DVD Recensies

BEETHOVEN: TRIPELCONCERT, BARENBOIM

Beethoven: Tripelconcert in c op. 56; Koorfantasie in c op. 80. Daniel Barenboim (piano), Itzhak Perlman (viool) en Yo-Yo Ma (cello) c.q. het koor van de Berlijnse Staatsopera met het Berlijns filharmonisch orkest o.l.v. Daniel Barenboim. EMI 491.473-9 (59’, 4:3, geluid 2.0, regio 0). 1995

 

Zowel het Tripelconcert als de Koorfantasie zijn werken van Beethoven die men zelden in natura krijgt voorgeschoteld.
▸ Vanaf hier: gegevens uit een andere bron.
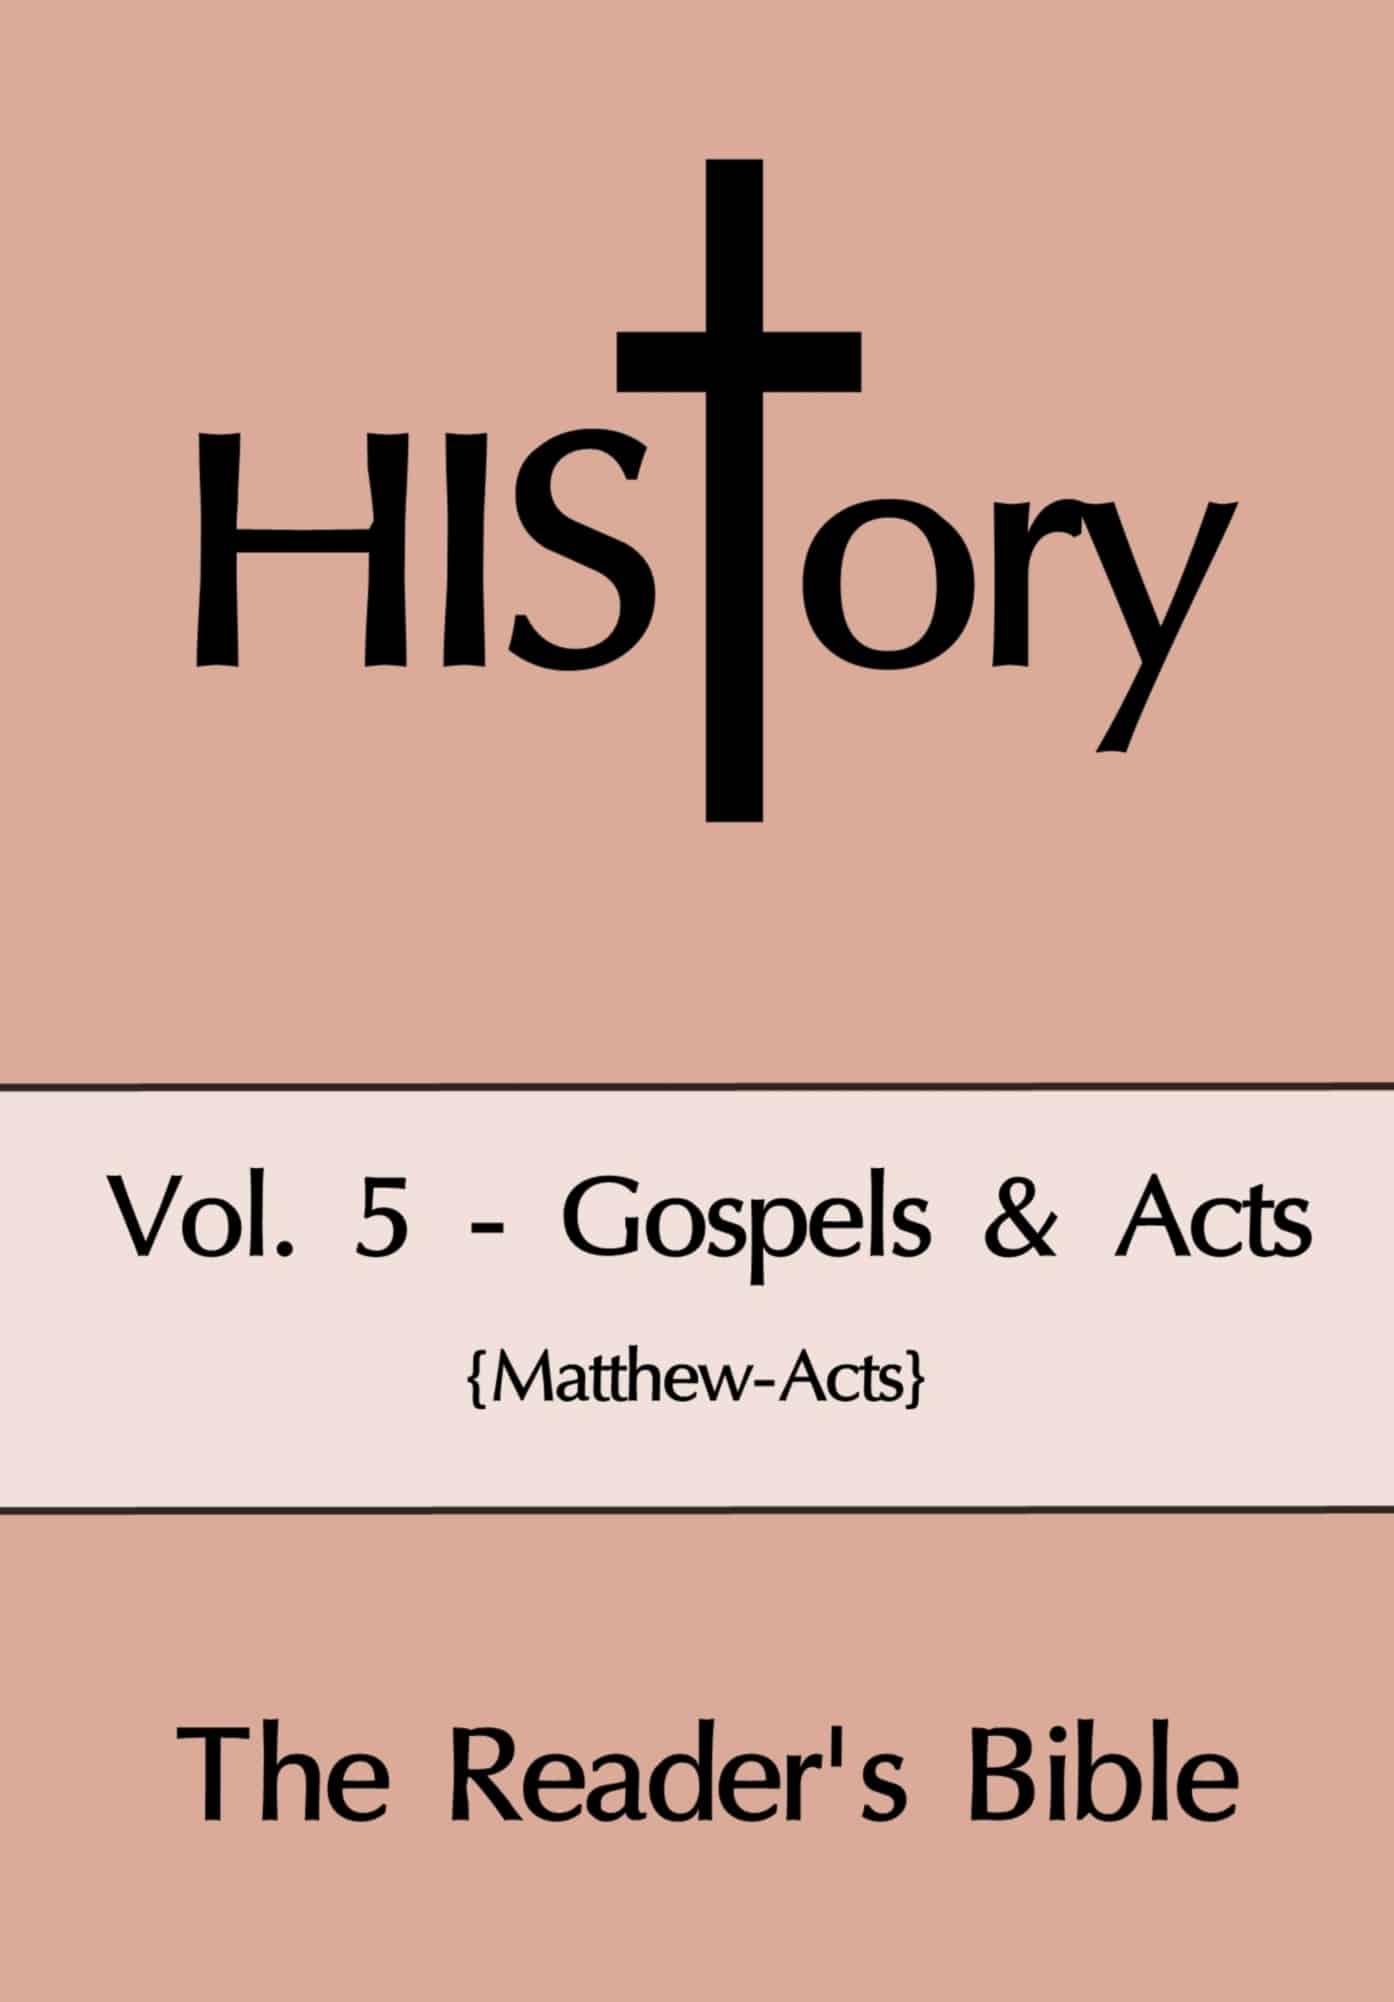 HIStory: The Reader's Bible Vol. 5 {Gospels & Acts}

Reden temeer dus om deze opnamen die werden gemaakt tijdens twee opeenvolgende concerten in februari 1995 dankbaar te ontvangen, eerst als cd (EMI 555.516-2), nu dus ook in beeld. Barenboim, die met zijn doen en laten als dirigent en pianist nogal eens wisselende reacties oproept, verkeert hier in uitstekende vorm en overtuigt geheel, dirigerend van achter de vleugel. Te betreuren valt hooguit dat de pret al net binnen een uur voorbij is.

Het drietal wereldberoemde solisten toont – misschien omdat het om een ‘live’ affaire gaat – veel spontaniteit en verbeeldingsvermogen. Het ontbreekt ook niet aan een persoonlijk stempel. Ze ‘spelen’ echt met elkaar in alle betekenissen van dat woord. Yo-Yo Ma speelt onbewust (?) haast de hoofdrol en levert een paar onvergetelijk mooie pianissimi in het langzame deel.

Het moet voor de technici niet eenvoudig zijn geweest om een juiste klankbalans te maken, maar hier is dat aardig gelukt. Kleine manco’s (Barenboims vleugel is wat verder weg geplaatst in het klankspectrum, met name als het orkest voluit gaat) worden makkelijk gecompenseerd als men de solisten ook ziet spelen.

Het succes van de Koorfantasie hangt vooral van de kwaliteiten, de inbreng van de pianist in zijn lange beginsolo af. Barenboim lijkt hier volkomen in zijn element te zijn, hij speelt zijn solo quasi improviserend, geniet merkbaar van de variaties op het thema en laat de verwantschap met het ‘Freude’ thema uit de 9e symfonie voldoende uitkomen de vleugel klinkt nu fraaier en de camera volgt de ontwikkeling op de voet door ook andere solobijdragen van fluit, 2 hobo’s, 2 klarinetten en fagot, strijkkwartet enzovoorts in beeld te brengen. Heel energiek klinken de csárdás variatie en de militaire mars die dat gedeelte afronden. De koorinbreng volgt als een pakkende epiloog met zes goede, uit het koor gerekruteerde solisten. Grootste manco: het ontbreken van ondertitels c.q. de weggelaten tekst uit het begeleidende boekje.